Tell us about yourself and your journey as a doctor? What was the aspiration behind choosing to be a medical practitioner?
I was always the top of my class throughout school’s years. I graduated school and came in first across the whole of Palestine, and I was the second best graduate of the medicine college at university. I made all this effort and hard work in order to achieve my dream, which is to work as a doctor at St. John Eye Hospital. Thanks God I realised it. I soon become an ophthalmologist, which was my ambition all along. This was made possible thanks to the Fred Hollows Foundation that supported me and gave the opportunity to work in this place.

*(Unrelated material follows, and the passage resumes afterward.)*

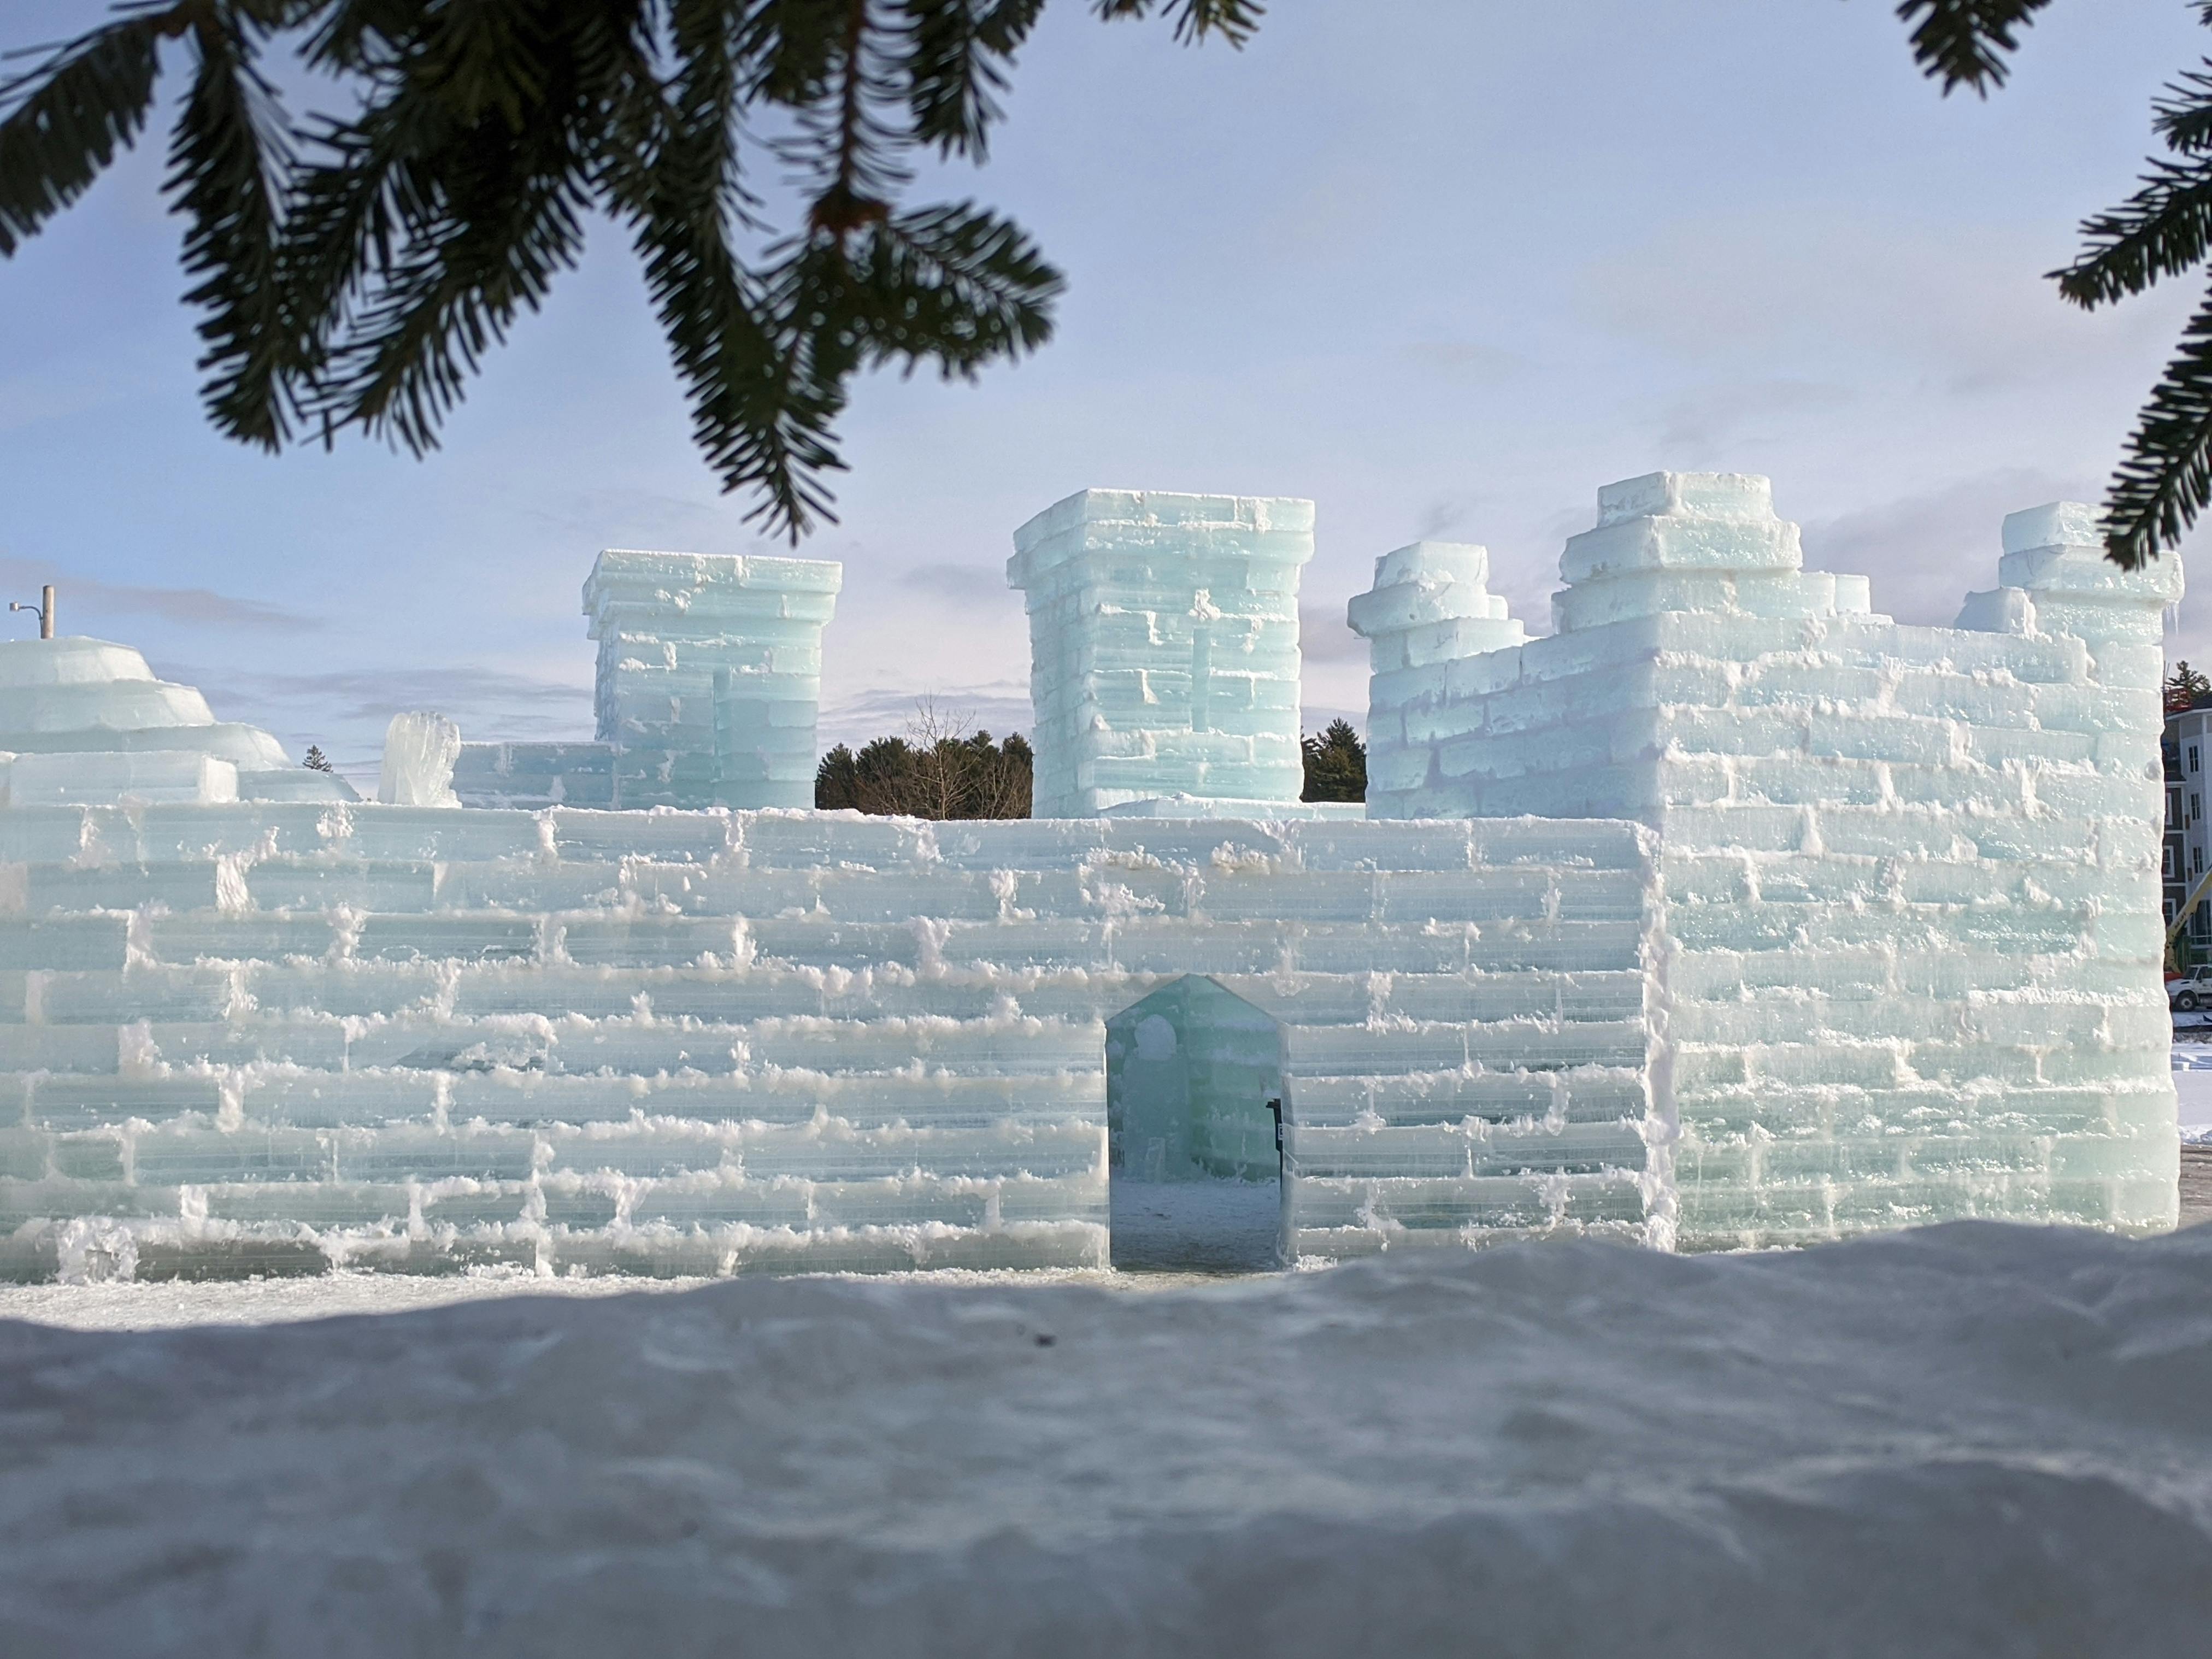 An ice castle rises from the snow on a blue-sky day.

In my fifth year at medicine school, we had to take an English language course. The professor showed us a video about blindness in Africa and I was shocked to hear about the term avoidable blindness. I always thought that a blind person is simply blind. I was very surprised when I learned that the causes for blindness are so simple, and that all you need is a simple operation, such as a cataract operation, and a person will have a new life instead of losing one’s vision. When we, as doctors, operate on cataract patients, we give them new lives, so they can care for their families and communicate with them. I was shocked to hear that and felt becoming an eye surgeon is a tremendous opportunity so that one day I can focus on the main cause of blindness around the world. That was my dream. Hence, I worked hard to pursue this specialisation, which only very few can take every year.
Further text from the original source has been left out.